Validating Medical AI Algorithms

March 2025 , Sam Moreland

Depending on the type of approval process you are using (see clearance types) you will have 2 main methods of validating your algorithms, controlled clinical trials and real world evidence. These 2 methods are not mutually exclusive but can be very divergent depending on your algorithms and use case. The main differences come down to the method of labelling and the costs/generalisability trade-off. The rest of the article will treat this in a medical context, but is still highly relevant for non-medical settings.

1 - Types of Trials

Controlled Clinical Trials (CCT)

The vast majority of algorithms that are cleared by validating in a controlled setting. This means that participants (or patients) are placed in a a tightly controlled environment and a single factor is changed in order to view different responses. With CCT the labelling of the data is done inherently in the method of data capture and don’t usually require post-hoc labelling.

Example: I’m creating a respiratory rate algorithm for my ECG patch. I get all participants to sit in a upright position, connected to the same EtCO2 monitor, and ask them to breath at fixed rates (1 minute) of 6, 15, 30, 40, 60 breaths per minute.

Sometimes, depending on the sophistication of the field, synthetic data can be used in place of patient data.

Real World Evidence (RWE)

This is a bit more self explanatory.
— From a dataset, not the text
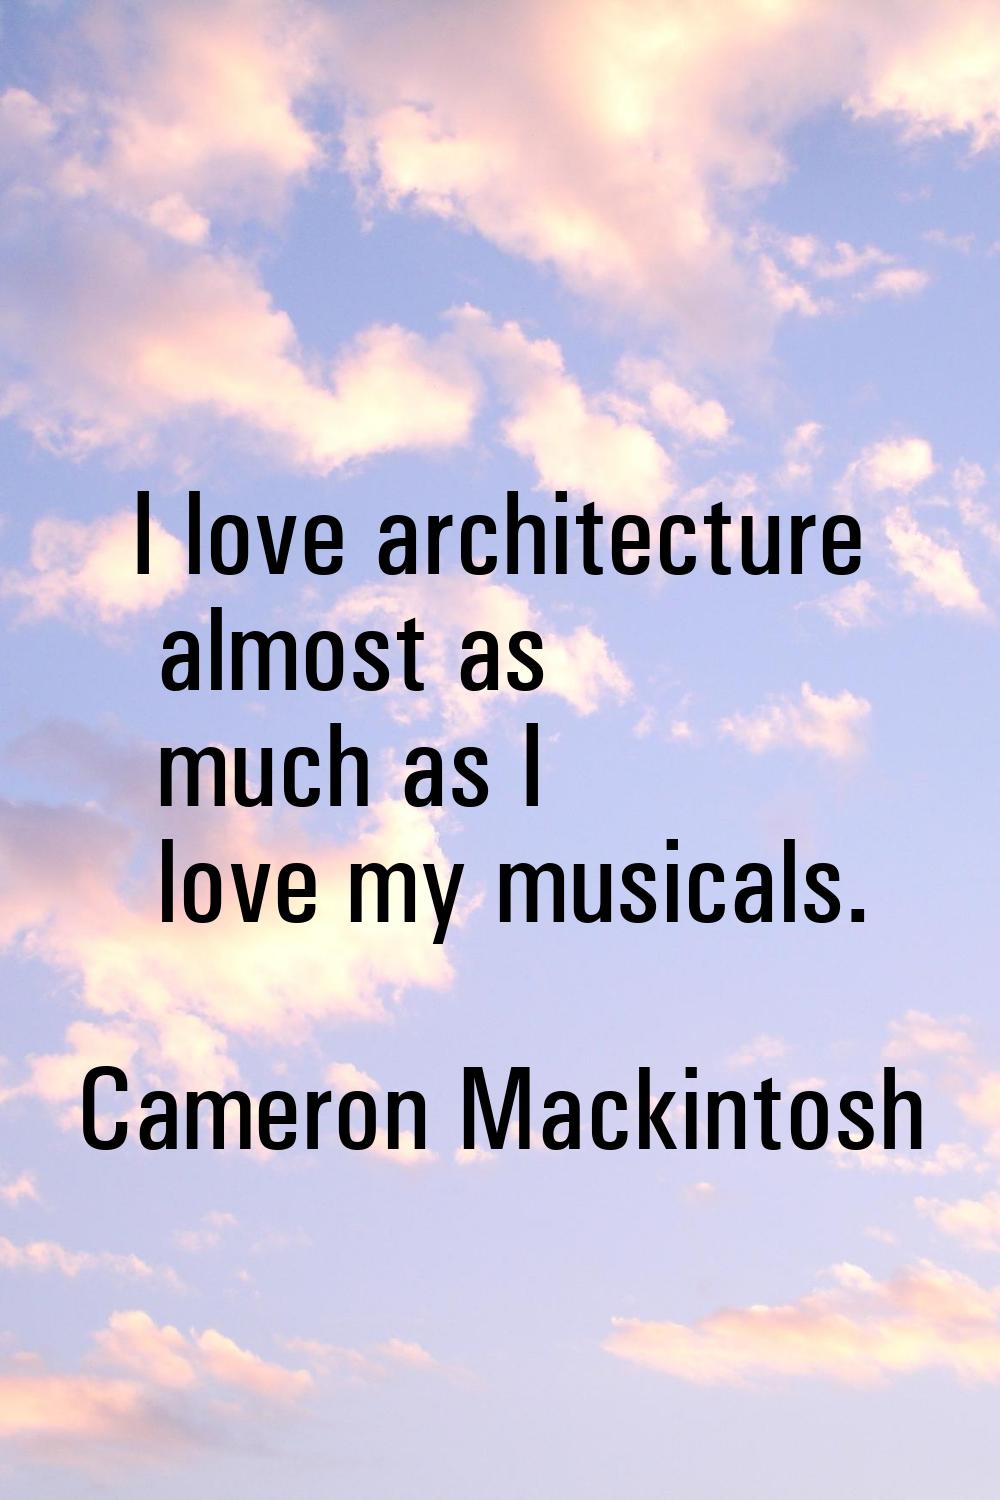 I love architecture almost as much as I love my musicals.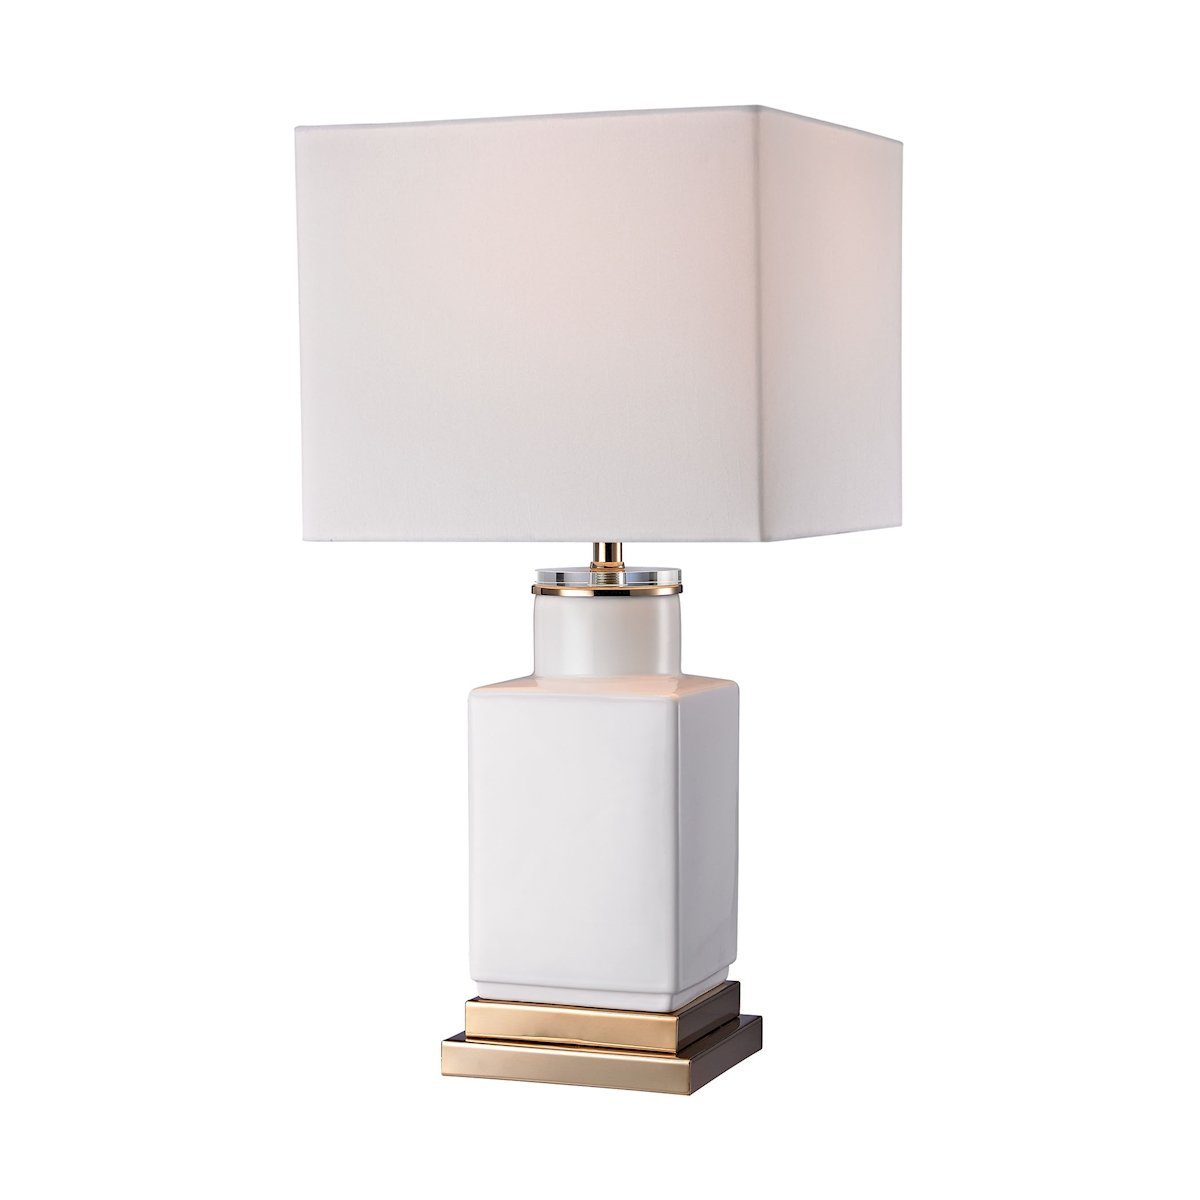 Small White Cube Lamp Lamps Dimond Lighting

You gather your data in a non-controlled environment and get experts to label the data afterwards.

Example: Participants wear a watch with a PPG sensors which collects data. This data is then labelled by a nurse for PPG peaks to create a pulse rate algorithm.

2 - Whats the difference?

I’m going to go over the trade-offs and nuances in methods for your validation activities.

Data generalisability

-Patient Population

CCTs may not be able to include your desired patient population. I worked on a respiratory rate algorithm that measures people breathing from 6-60 breaths per minute (BrPM). Our target patient population were people with COPD. Even if we physically could get COPD patients to sustain breathing at 60 BrPM, it would be super unethical to do so. This is similar to SpO2 where you need to desaturated participants down to 70 % or even 60 %, which even for the fittest people is very hard.

RWE however can be captured on you desired patient population (assuming you’ve correctly identified the intended use case).

-Environment

CCTs may not be able to be collected in a real world environment. Going along with the previous SpO2 example, you need a lot of specialist equipment in a lab to be able to perform the validation. This is not the same environment as a patients bedroom at night.

Here RWE can capture data in the expected environment, however it may not be able to capture the validation data that you need. There is no way you would be able to monitor the SpO2 level of someone who is sleeping naturally at home as it requires a blood draw and gas analysis.

-Measurement Range

CCTs can be controlled in a away that you are able to gather all the data you need. For RWE you may never get the needed measurement range for your product. For heart rate you need to measure between 30-240 BPM, 240 is a huge outlier and it is highly unlikely you would ever get over 200 BPM in your real world set.

Time

CCTs can be performed in a few months wheres RWE can last for a long time (years / decades) depending on your endpoints.

Cost

It my not come as a surprise that CCTs can be orders of magnitude cheaper that RWEs which require specialist doctors to manually label the data.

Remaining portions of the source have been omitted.